# SageMaker Object2Vec Exercise

This notebook demonstrates Amazon SageMaker's **Object2Vec** algorithm for learning embeddings of pairs of objects.

## What You'll Learn
1. How to prepare paired data for Object2Vec
2. How to train embeddings for relationship learning
3. How to use embeddings for similarity search and classification

## What is Object2Vec?

Object2Vec is a general-purpose neural embedding algorithm that learns low-dimensional dense embeddings of high-dimensional objects.
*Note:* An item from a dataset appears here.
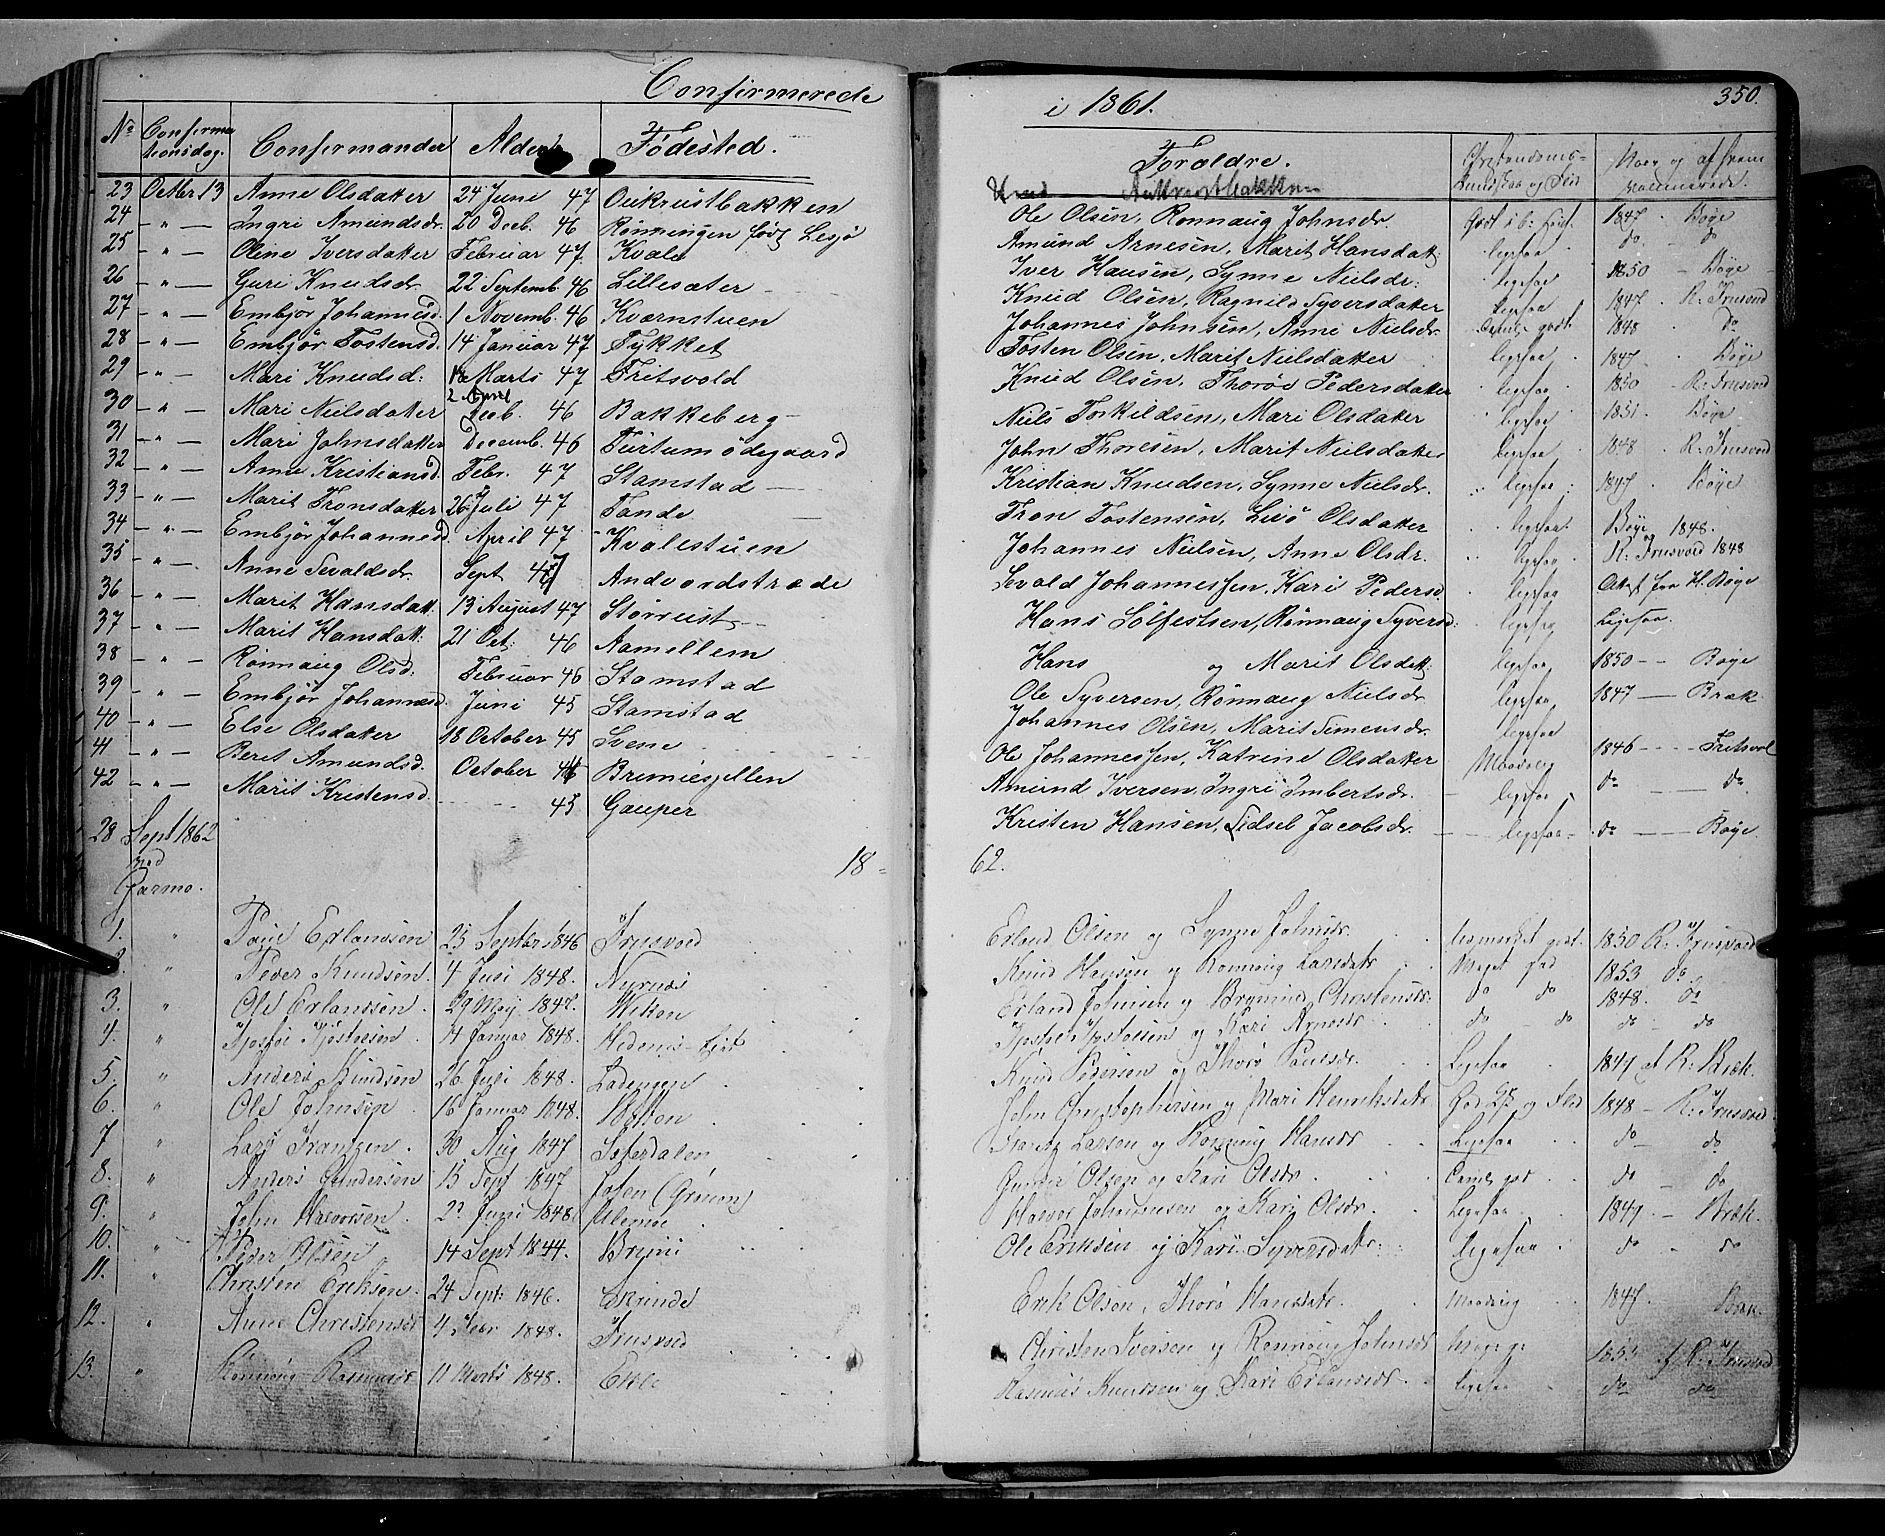 SAH, Lom prestekontor, K/L0006: Ministerialbok nr. 6A, 1837-1863, s. 350

It generalizes Word2Vec to arbitrary object pairs.

**Key Features:**
- Learns embeddings from paired objects (e.g., user-item, sentence-sentence)
- Supports discrete tokens and sequences as inputs
- Can handle asymmetric pairs (e.g., query-document)
- Embeddings can be used for downstream tasks

## Use Cases

| Use Case | Pair Type | Example |
|----------|-----------|----------|
| Recommendation | (user, item) | Predict user ratings |
| Sentence similarity | (sentence, sentence) | Semantic similarity |
| Document classification | (document, label) | Multi-class classification |
| Entity resolution | (entity1, entity2) | Match duplicate records |

## Architecture

```
Input Pair: (obj1, obj2)
       ↓         ↓
   Encoder0   Encoder1
       ↓         ↓
   embed1     embed2
       ↘       ↙
       Comparator
           ↓
       Output (label/score)
```

---

## Step 1: Setup and Imports

In [None]:
import boto3
import sagemaker
from sagemaker import get_execution_role
from sagemaker.image_uris import retrieve
from sagemaker.estimator import Estimator
import pandas as pd
import numpy as np
import json
import os
from datetime import datetime
from dotenv import load_dotenv
from collections import defaultdict

# Load environment variables from .env file
load_dotenv()

# Configure AWS session from environment variables
aws_profile = os.getenv('AWS_PROFILE')
aws_region = os.getenv('AWS_REGION', 'us-west-2')
sagemaker_role = os.getenv('SAGEMAKER_ROLE_ARN')

if aws_profile:
    boto3.setup_default_session(profile_name=aws_profile, region_name=aws_region)
else:
    boto3.setup_default_session(region_name=aws_region)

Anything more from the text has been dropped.